File No. 711.1216M/167.
The Acting Secretary of State to the Mexican Ambassador.
Washington, December 24, 1910.
Excellency: I have the honor to acknowledge the receipt of your excellency’s note No. 464 of the 20th instant,1 in which, in accordance with the previous correspondence exchanged between this Department and the Mexican Embassy and also in accordance with your conversations with the Secretary of State, you present the bases of an arrangement [Page 552] for the construction in Mexican territory of the protective works necessary to guard the Imperial Valley in California, and other places, against floods of the Colorado River.
The bases as set forth in your excellency’s note are the following:
- 1.
- The works shall be constructed by the Colorado River Land Co., owner of the land on which said works are to be accomplished.
- 2.
- The said works shall he done in accordance with the surveys and plans approved by the inspector appointed by the department of fomento, Engineer Don Fernando Beltrán y Puga.
- 3.
- In the construction of the said works the rights of the riparian owners on both banks and of the persons to whom the Government of Mexico may have granted permits or concessions for the use of the water of the Colorado River shall stand unimpaired.
- 4.
- The Government of Mexico does not guarantee the result of said work nor assume any responsibility to private persons and, much less, to the Government of the United States.
- 5.
- The Government of the United States, even though it should aid the Colorado River Land Co. pecuniarily or otherwise, shall not acquire thereby or by virtue of this, agreement, any right of ownership or servitude, or any other, or [sic] over any part of the territory, or over the works that may be erected in Mexican territory whose rights, real or of any other nature, shall reside in the jurisdiction and sovereignty of the Government of Mexico.
- 6.
- The Executive shall propose to the Congress of the Union of the Mexican Republic the free entry of the machinery, beasts of burden, wagons, building material, field tents, tools, implements, and equipment necessary for the construction of the said works, as soon as the Colorado River Land Co., which is to construct them for its own account and in the capacity of a Mexican company, which is the only one legally competent to make all the arrangements conducive to the exemption of duties on imports, applies therefor, it being expressly understood that free entry will not be granted to food products or to supplies consumed by the said company in that respect.
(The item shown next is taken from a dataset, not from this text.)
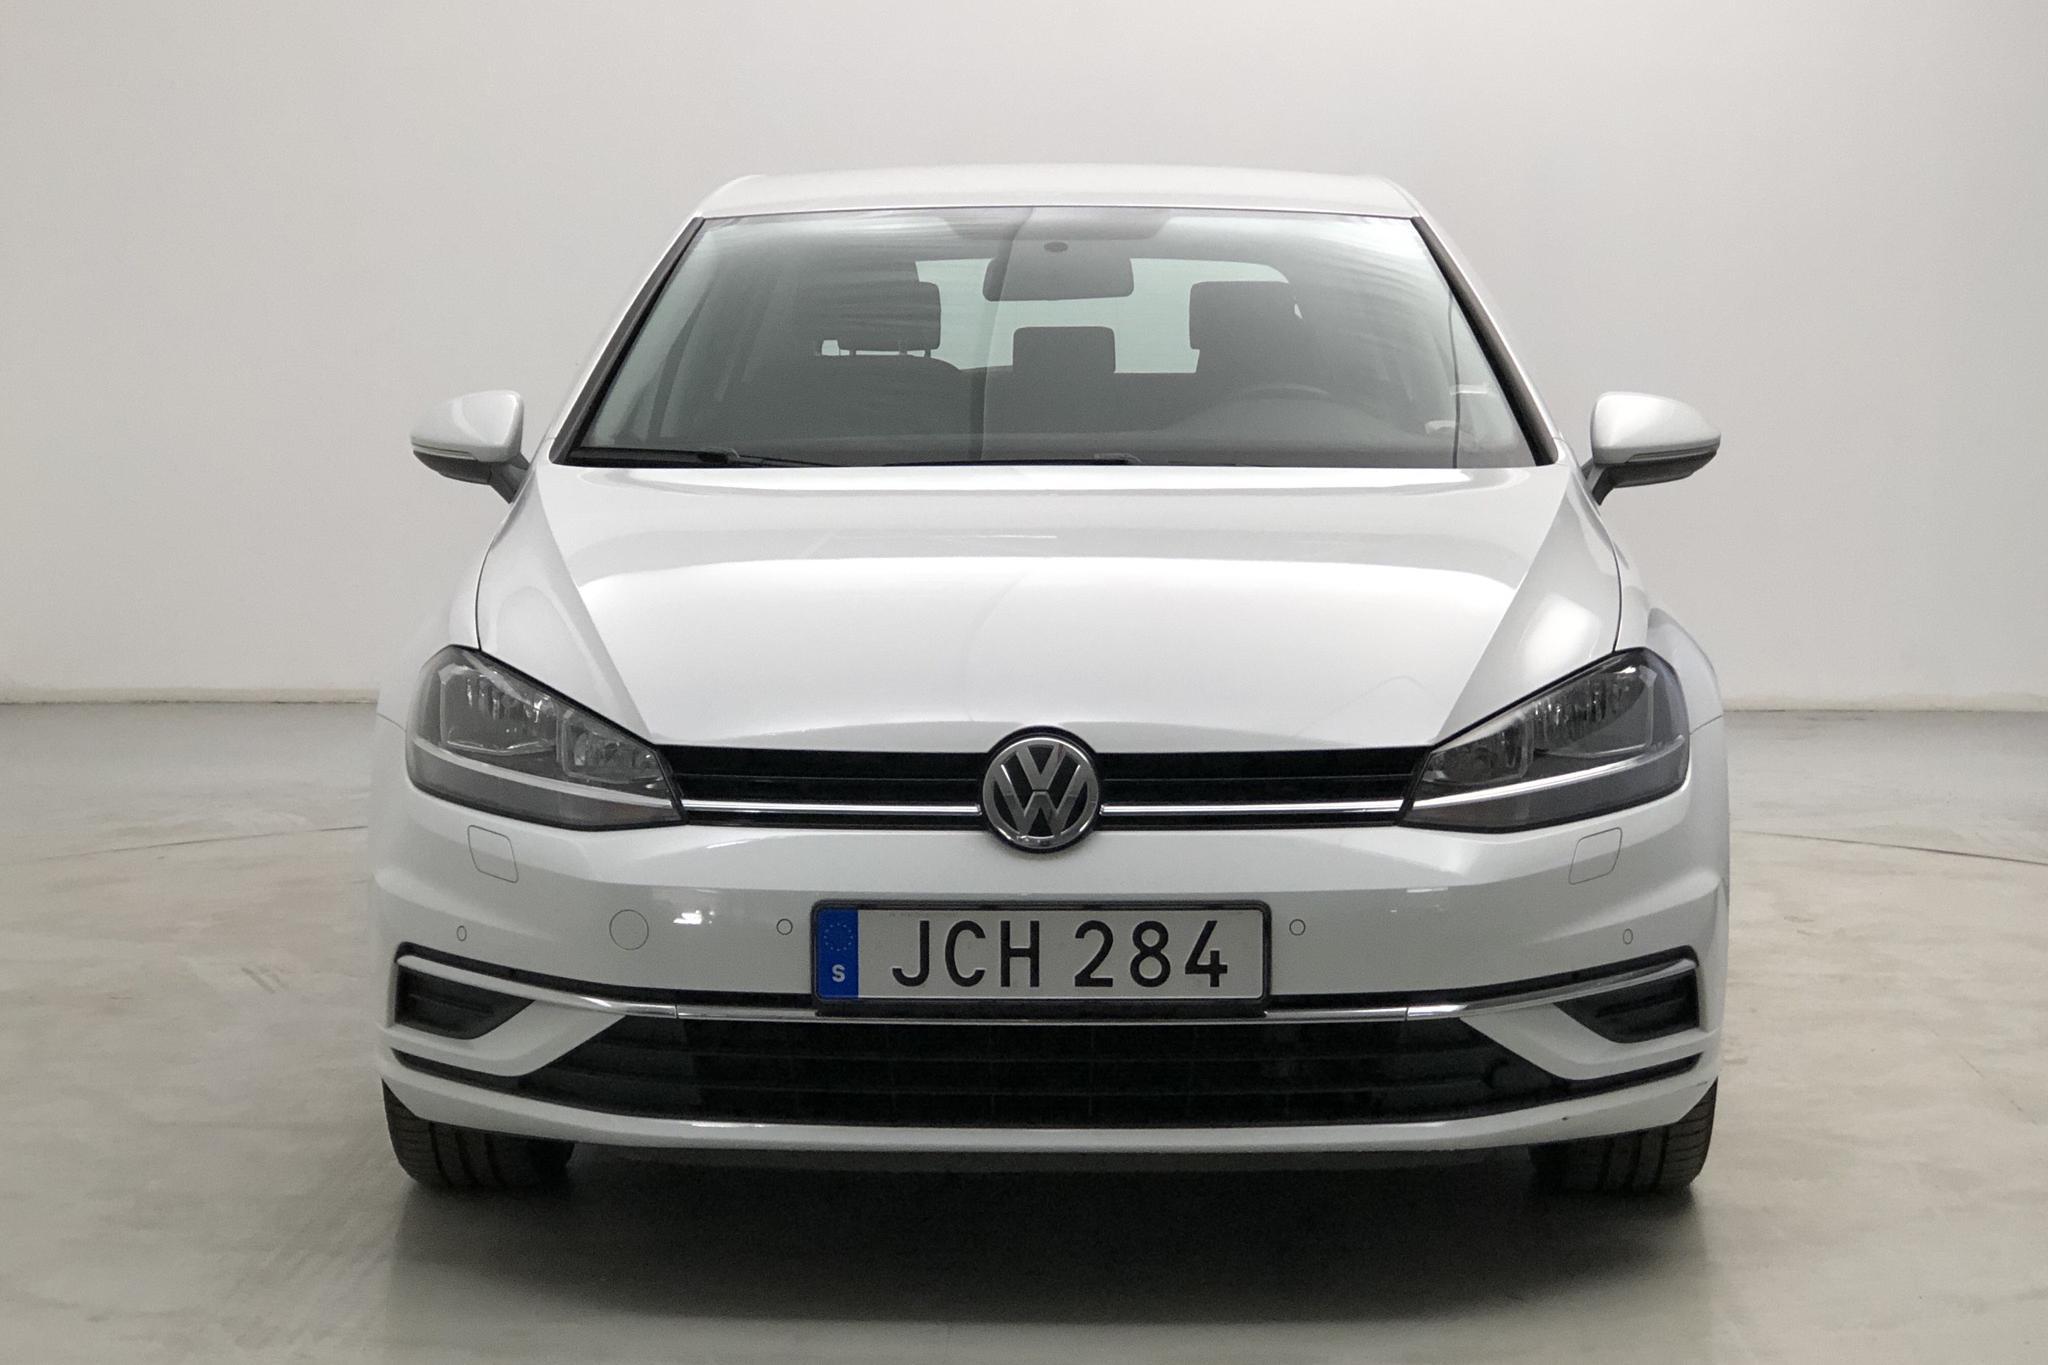 VW Golf VII 1.4 TSI Multifuel 5dr (125hk) - 34 140 km - Manual - white - 2017

I have the honor to inform your excellency that the Government of the United States finds satisfactory and accepts the above bases of an arrangement for the construction in Mexican territory of the protective works necessary to guard the Imperial Valley against the floods of the Colorado River, and that the engineers appointed by the President of the United States are proceeding to their work under and and in accordance with these bases. I also have pleasure in informing you that I shall be glad to take up with you, so soon as the situation has been more developed, the arrangement of various details which will present themselves in the practical carrying out of this work, as also the question suggested in my communication to you of November 28, in which it is stated that inasmuch as the levee, to be permanently useful, must be maintained in a state of adequate repair, this Department would be glad to undertake with you the negotiation of a treaty which would provide for the maintenance of the levee after it is completed.